Remembering Los Alamitos and beyond
by Frank Cotolo
Part 1 ishere.
Part 2 is here.
Bulldozers leveled Hollywood Park to sawdust in 2014. Its 260 acres were replaced by a housing development and an entertainment complex (which included a casino and an NFL stadium). The remnants of horse racing were exculpated to the extent of moving the graves and monuments of champion thoroughbreds to other tracks and horses’ breeding grounds. Statues of Swaps and Bill Shoemaker were placed into storage; somewhere.
Los Alamitos Racetrack did not experience the fate of Hollywood Park. Quite the opposite. It was eventually renovated to become a part of a newer and healthier California thoroughbred racing circuit. But in the 1980s the Orange County five-eighths mile track featured three breeds of horse racing throughout the years. The pecking order included quarter horses and standardbreds and thoroughbreds.
The 21-or-so miles from Hollywood proper was a tedious drive; especially when I made the trip alone because Mr. Bruce was too busy elsewhere on particular racing nights. Getting to the track for an evening’s first harness-program post meant battling rush-hour traffic bottlenecks heading towards the inland empire. When I made the ride alone it was a test of devotion; when Mr. Bruce was with me it was a cacophony of laughter defying any road stress.

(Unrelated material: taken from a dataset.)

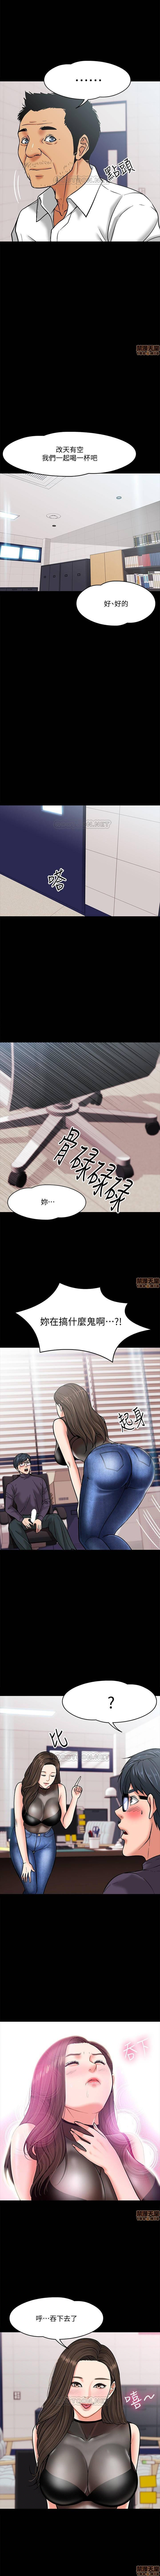 PROFESSOR, ARE YOU JUST GOING TO LOOK AT ME? | DESIRE SWAMP | 教授，你還等什麼? Ch. 4 [Chinese] Manhwa 8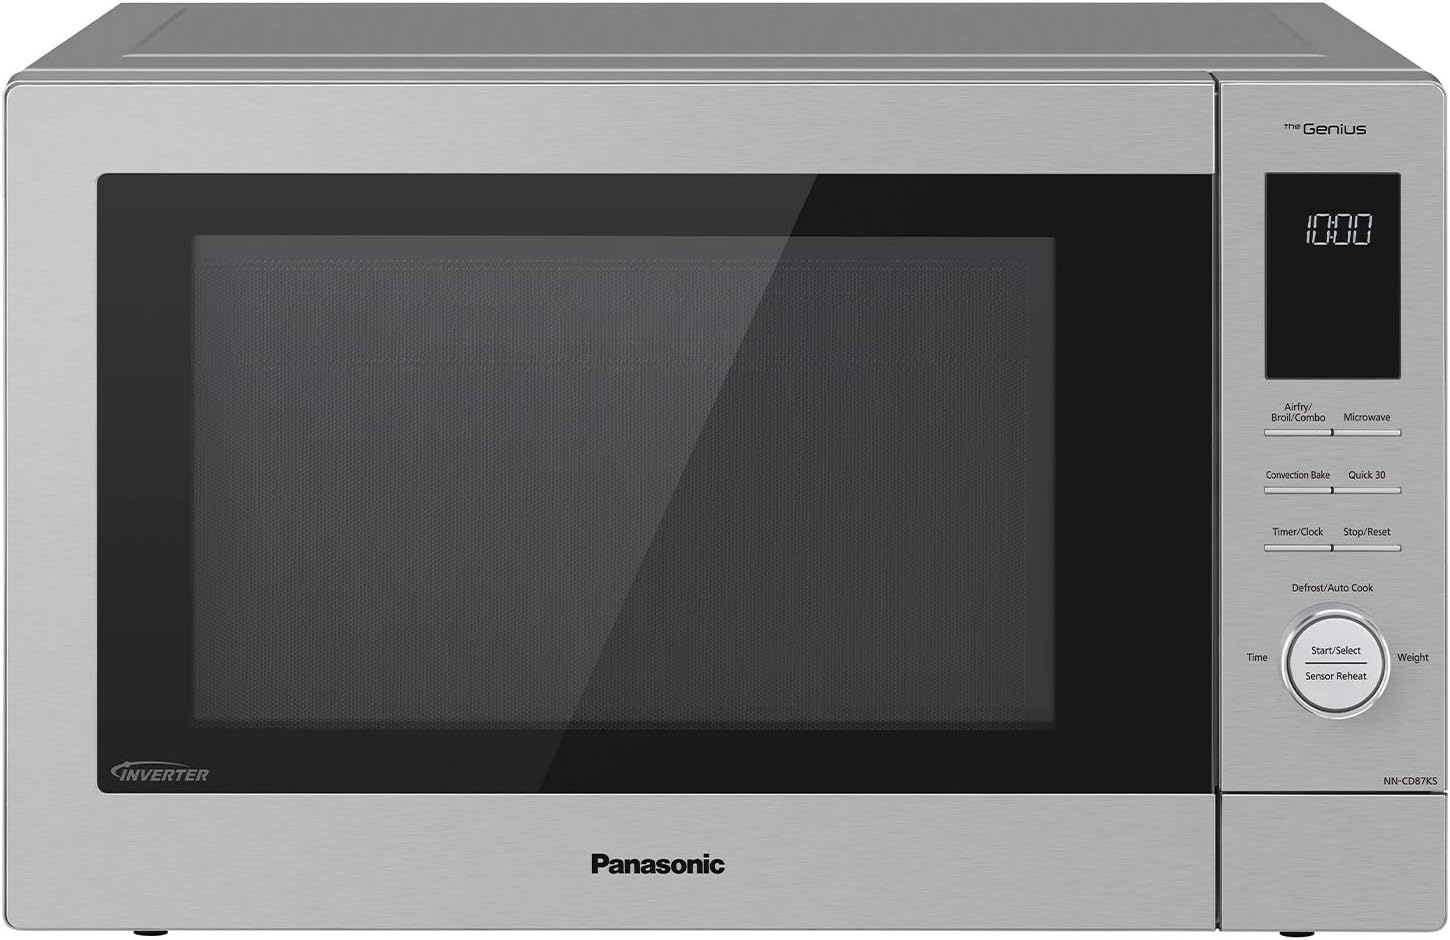 Panasonic HomeChef 4-in-1 Microwave Oven with Air [...]

Los Al was a different theater than Hollywood Park. Mr. Bruce said it had “a dark vibe.” It was dark green and rusty brown compared to Hollywood’s orange motif. It looked weathered and appeared no better in shape and atmosphere than when it was in constant disrepair due to rain damage during its first race meet in 1951. But the harness faithful in the ’80s endured. We gladly paid the parking and admission and program prices to share the action with the equine and human athletes changing venues from Inglewood to Los Alamitos. On the smaller stage were the same trotters and pacers handled by the same West Coast-based trainers and drivers. We were a part of their caravan.
We wagered more money at Los Al than we did at Hollywood because we were making more money from our professions. A $30 win on Manga Hawk (Robert Sleeth in the bike) returned $216; nearly a one-bedroom month’s rent. And as the racing ensued it turned out that respecting the under-rated Sleeth awarded us some of our best investments on the three-turn mile. Los Al flourished for us with other drivers; Frank Sherren and Joe Anderson and Ross Croghan often over-performed the public’s odds for our benefit.
One day Mr. Bruce got he and I a job as extras in the second-unit production of the movie “Meteor.” It called for an afternoon of running around a public park as if shards of space rocks pummeled to Earth. The Orange County park doubled as an Italian town and the gig offered free lunch as well as cash. The shoot ended in plenty of time for us to make the first race that night. (Watching the film today reveals our brief appearances).
The Los Alamitos experiences also furthered my harness racing journalism success as they inspired material; I enjoyed income from published works about betting on harness racing. There were many periodicals covering the sport in the ’80s. My byline appeared in Sulky, Hoof Beats, Harness Horse and Gambling Times. The pay was substantial.
A bulging bankroll developed and nothing prompts a gambler more than having extra money to dump into the pari-mutuel pools. Mr. Bruce and I became confident enough from our harness betting investments to attempt expanding. We took on the quarter horses at Los Al between harness meets. We traveled the turnpikes with bloated egos only to not last for a single quarter-horse program. Handicapping the sprinters was baffling and the action less dramatic as it presented blink-of-an-eye contests. As different as chalk and cheese for us harness experts. We laughed at the experience and held our breaths to return for the next harness meet.
But all was not well…
California harness racing in the ’80s was only surviving due to die-hard fans like Mr. Bruce and I. The crowds once shoulder to shoulder on the aprons reduced by the month and left much space for bettors to stroll freely. Even our appearances lessened, but that was mostly due to professional and personal interruptions. Where did the others go?
We still stole time whenever we could to attend the two closest harness venues (a meet took place in Sacramento but it was out of our commuting range) but others did not. Could it be curtains for harness racing all together out west?
My harness racing contacts offered a glimmer of hope in the shape of a new racing venue in the Pomona Valley; 30 miles east of Hollywood proper. I was told there were racetracks there on the Los Angeles County Fairgrounds. One for auto-drag racing and there was a five-eighths track used for thoroughbreds during fairs. It was called Fairplex Park.